-------- Supplied material --------
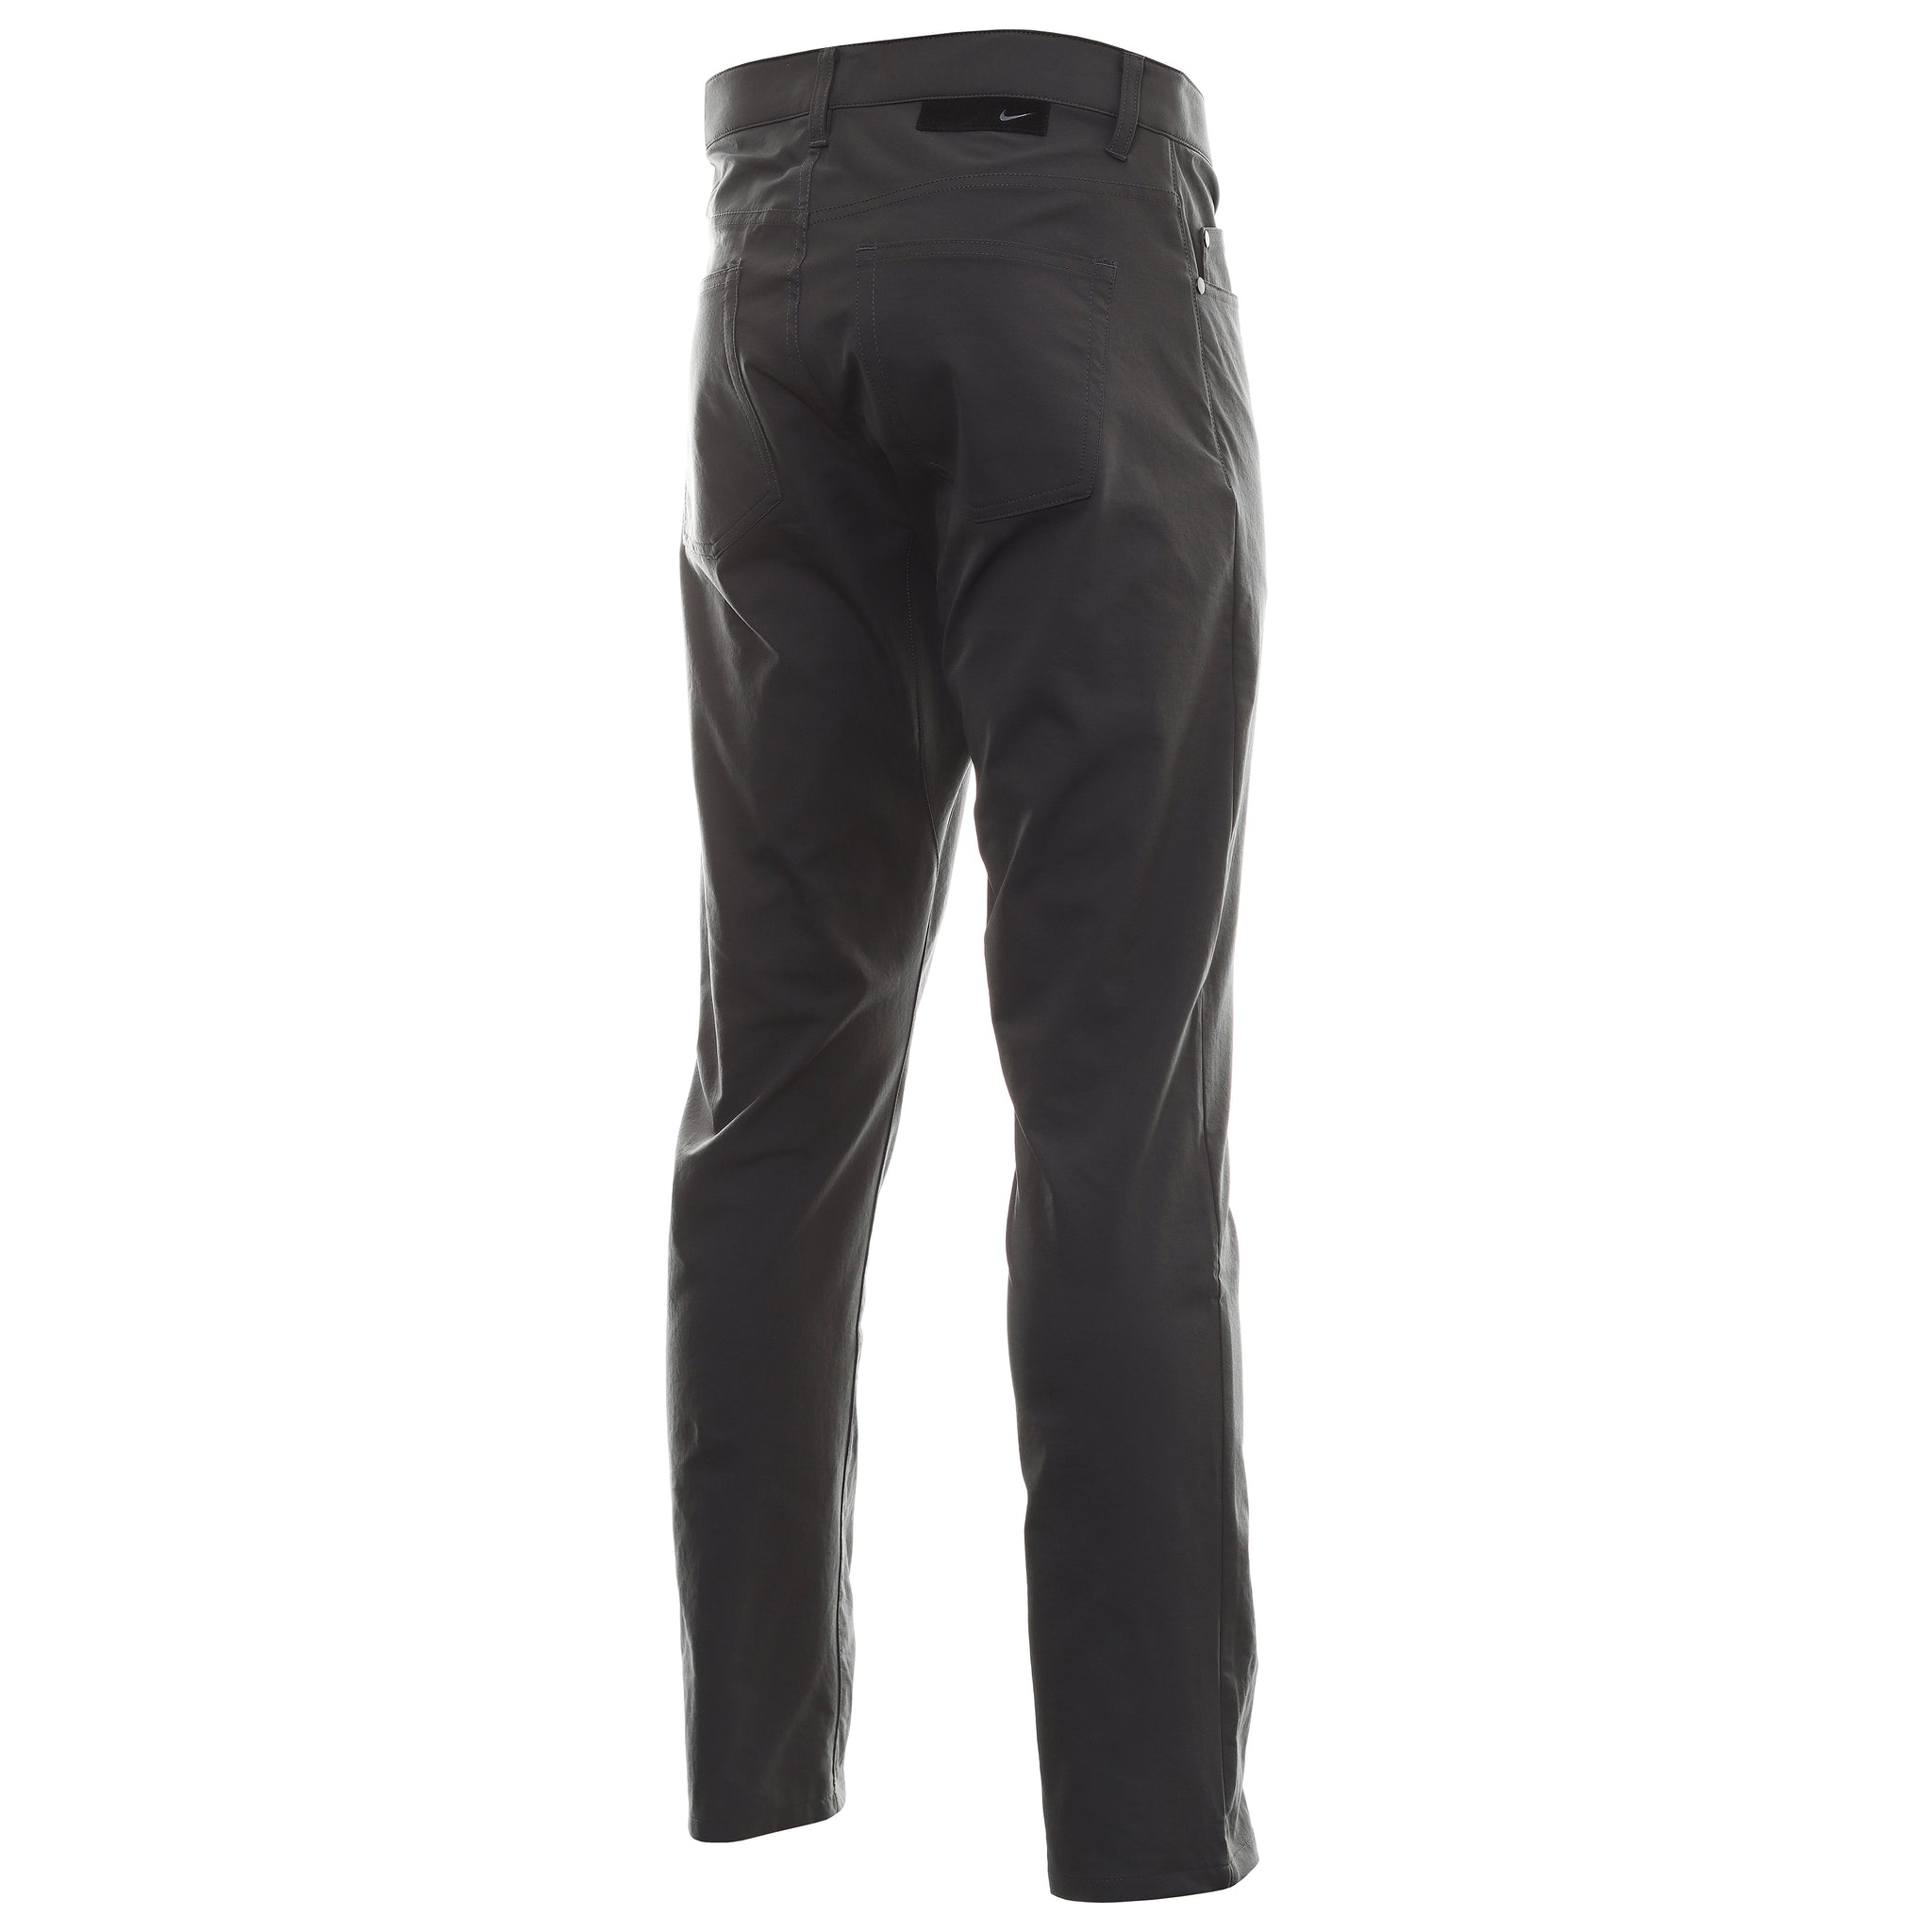 nike-golf-dry-repel-5-pocket-pants-da3064-070-dark-smoke-grey
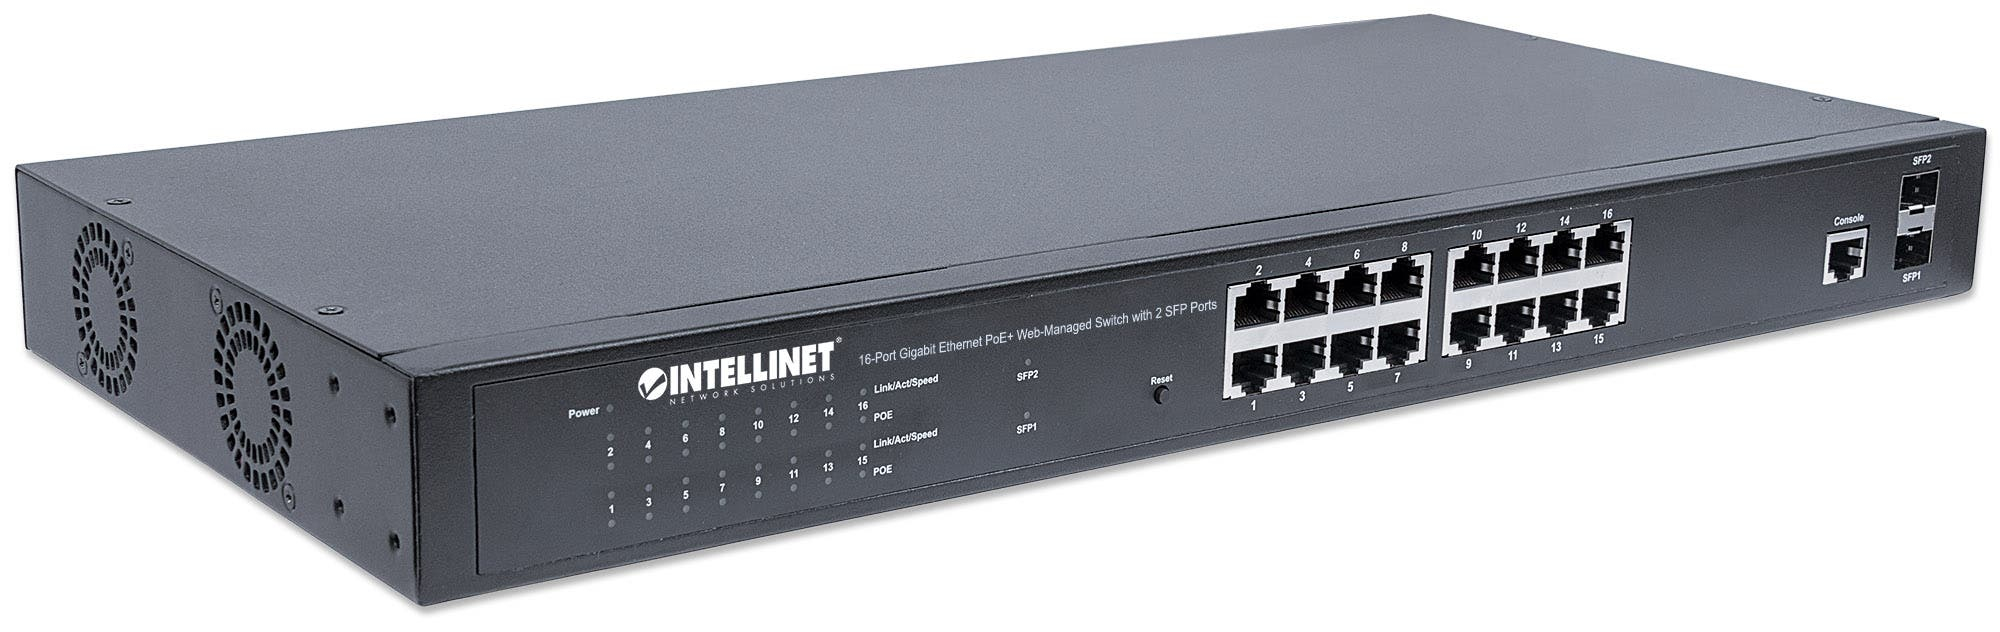 Intellinet 16-Port Gigabit Ethernet PoE+ Web-Managed Switch with 2 SFP Ports, IEEE 802.3at/af Power over Ethernet (PoE+/PoE) Compliant, 374 W, Endspan, 19" Rackmount (UK 3-pin plug)
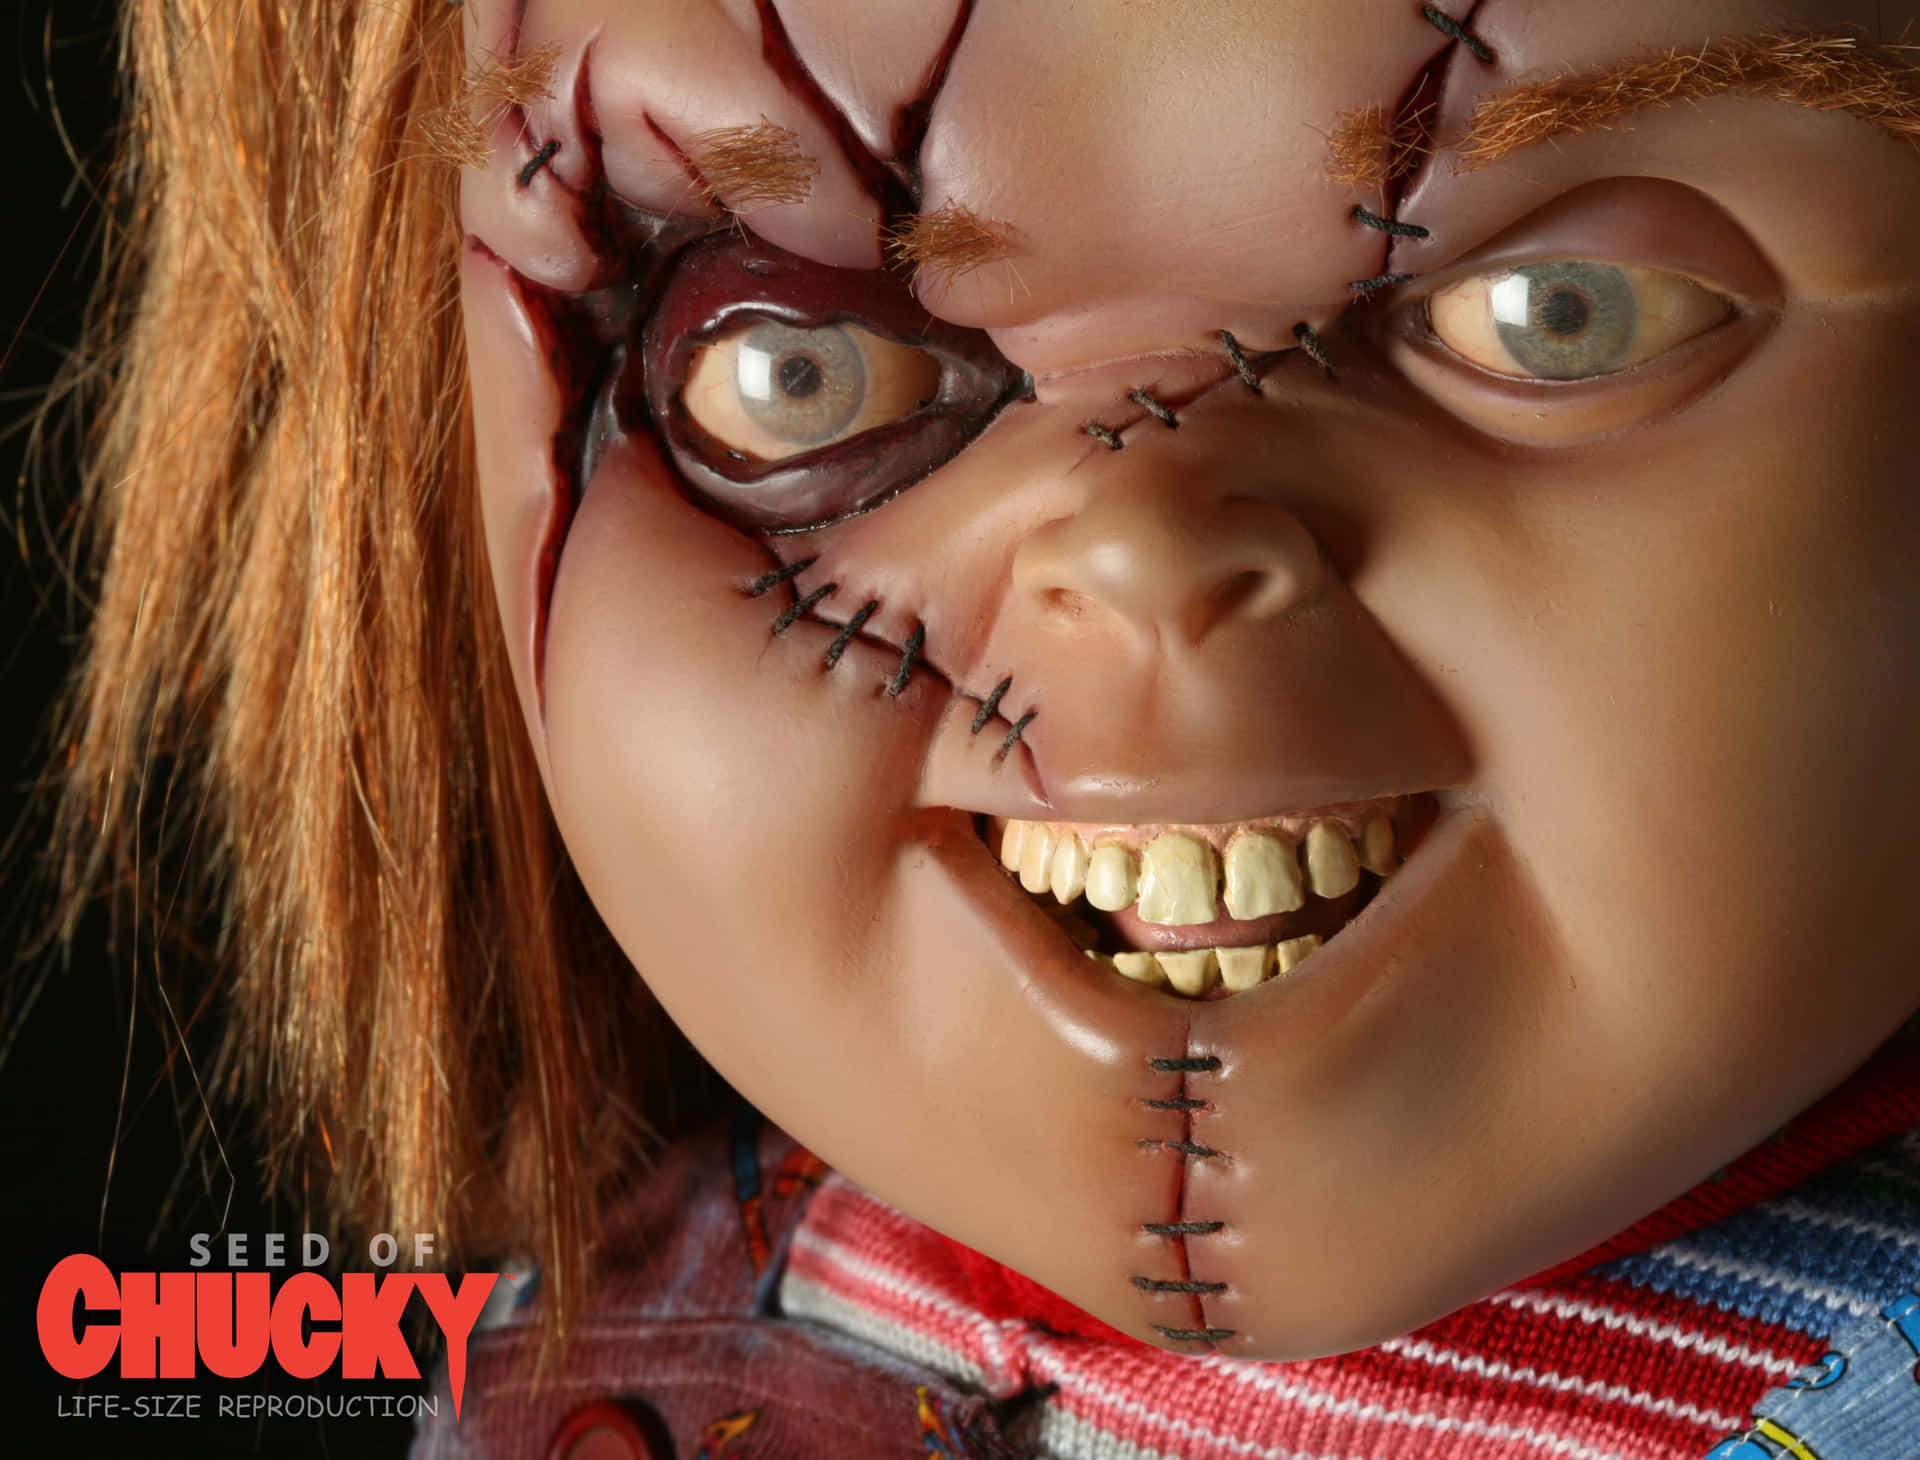 Chucky, den berygtede horrordukke, giver dig kuldegysninger. Wallpaper
--------
Assigned task =>
Copy out the data verbatim, with no pictures.

Solution to this exercise =>
 nike-golf-dry-repel-5-pocket-pants-da3064-070-dark-smoke-grey
 Intellinet 16-Port Gigabit Ethernet PoE+ Web-Managed Switch with 2 SFP Ports, IEEE 802.3at/af Power over Ethernet (PoE+/PoE) Compliant, 374 W, Endspan, 19" Rackmount (UK 3-pin plug)
 Chucky, den berygtede horrordukke, giver dig kuldegysninger. Wallpaper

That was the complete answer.